Records for the exercise

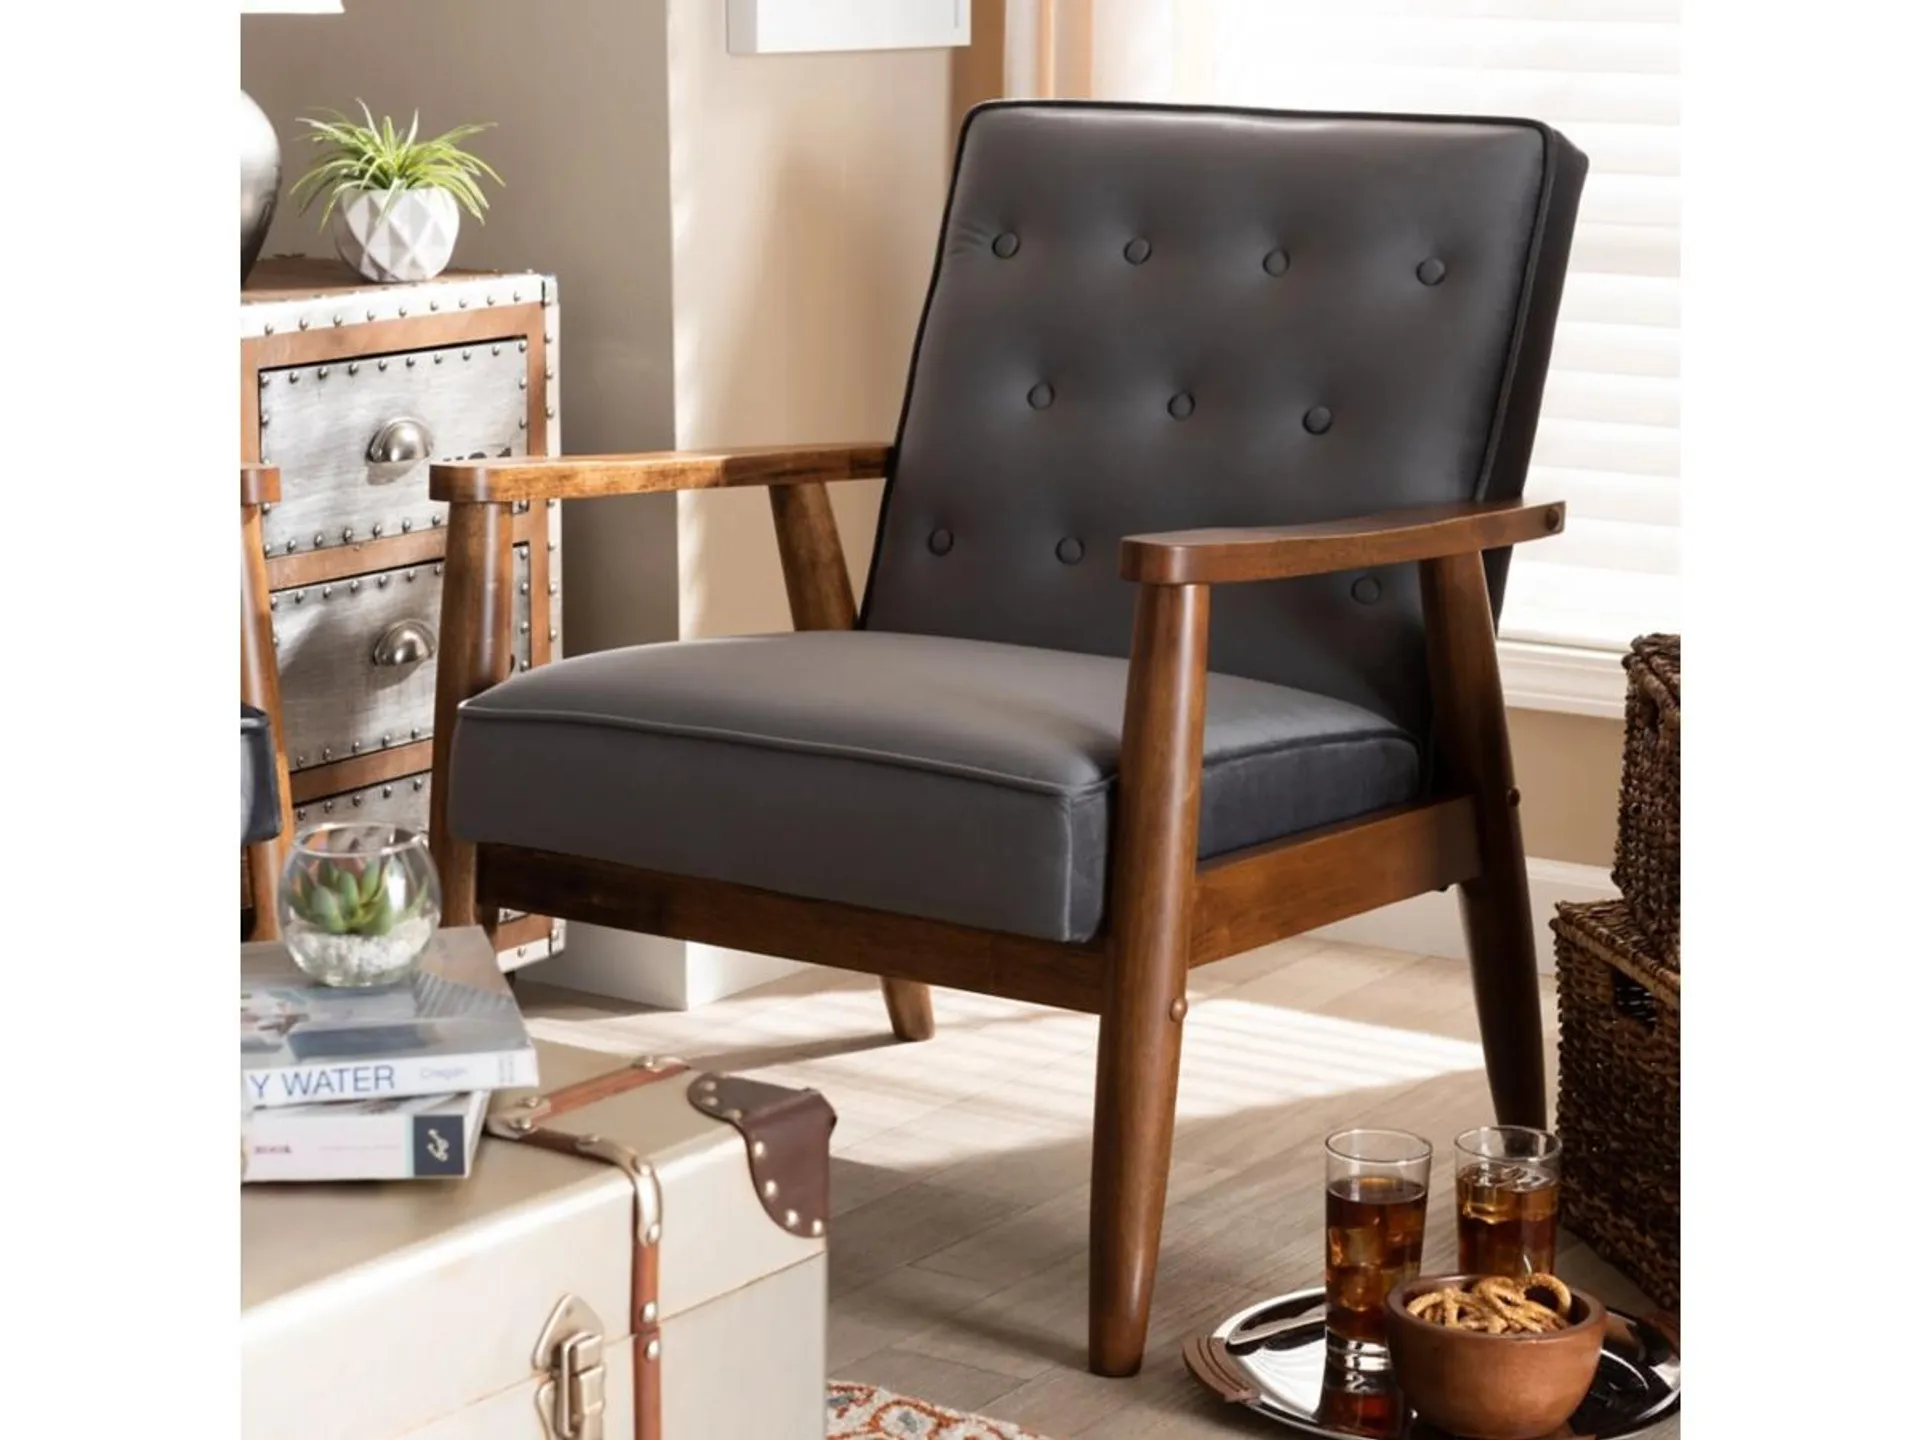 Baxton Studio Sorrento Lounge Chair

---

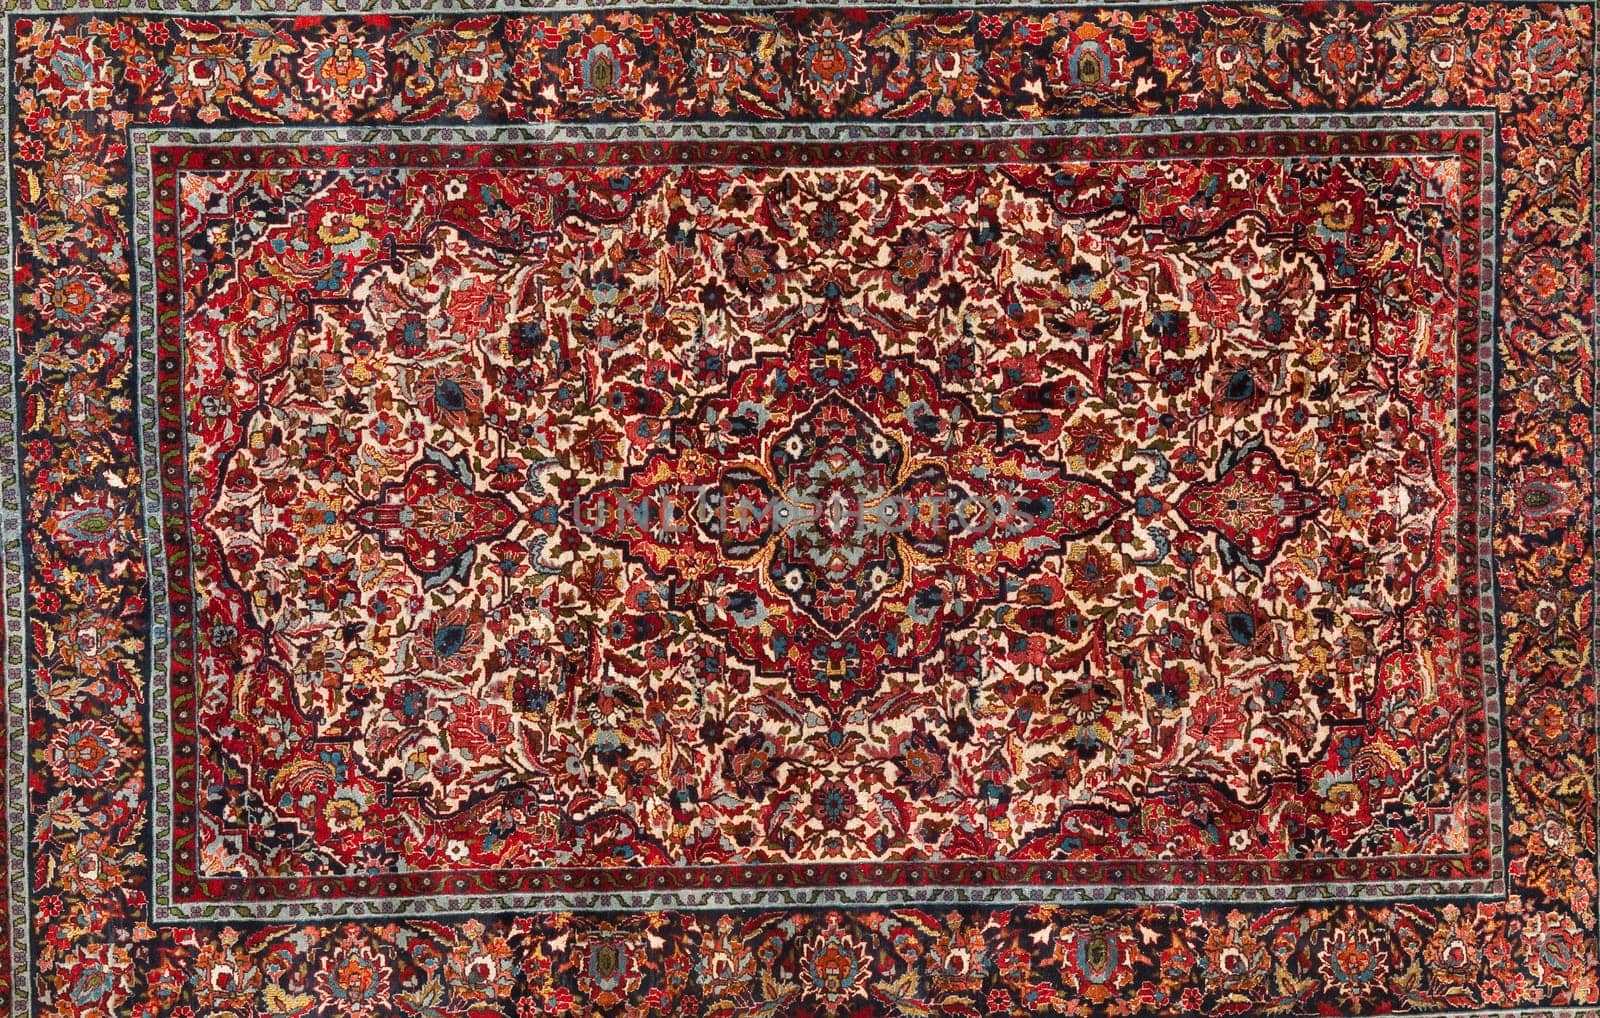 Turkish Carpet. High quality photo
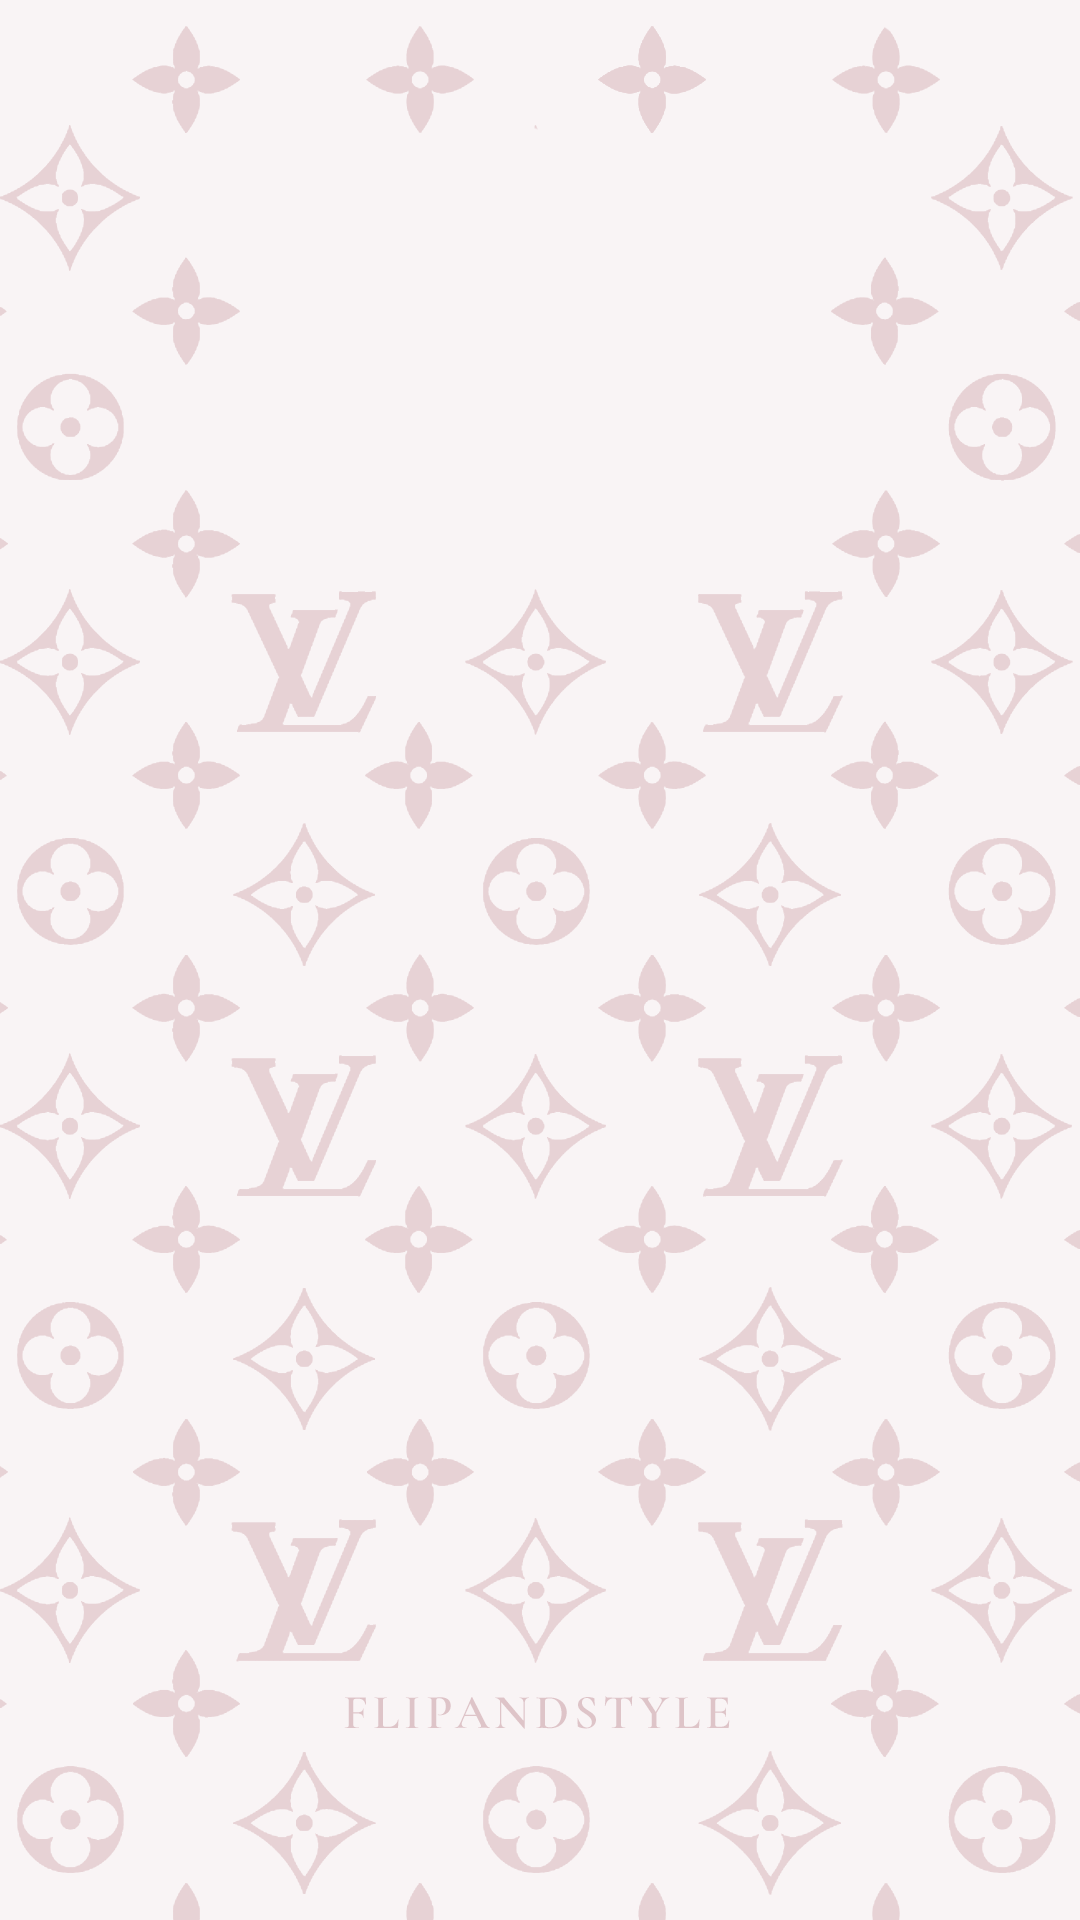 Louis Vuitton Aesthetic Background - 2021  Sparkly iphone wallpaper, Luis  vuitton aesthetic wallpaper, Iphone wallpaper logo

...

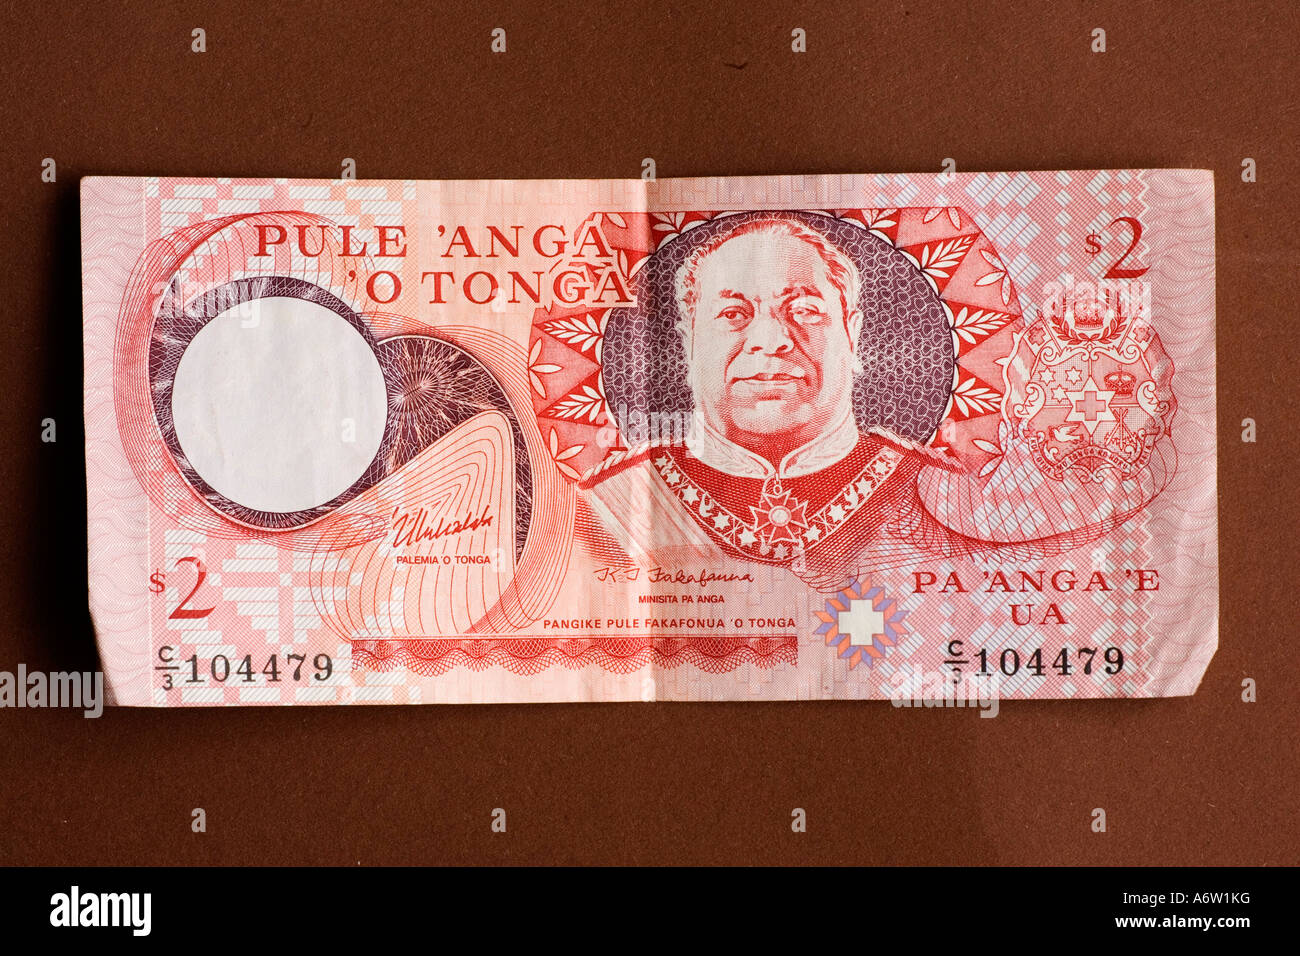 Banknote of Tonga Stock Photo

Instructions to follow
Look through the listing above for the line with "Turkish Carpet. High quality photo" and the line with "Louis Vuitton Aesthetic". Write out exactly those lines and everything between, leaving out pictures.

Solved problem
 Turkish Carpet. High quality photo
 Louis Vuitton Aesthetic Background - 2021  Sparkly iphone wallpaper, Luis  vuitton aesthetic wallpaper, Iphone wallpaper logo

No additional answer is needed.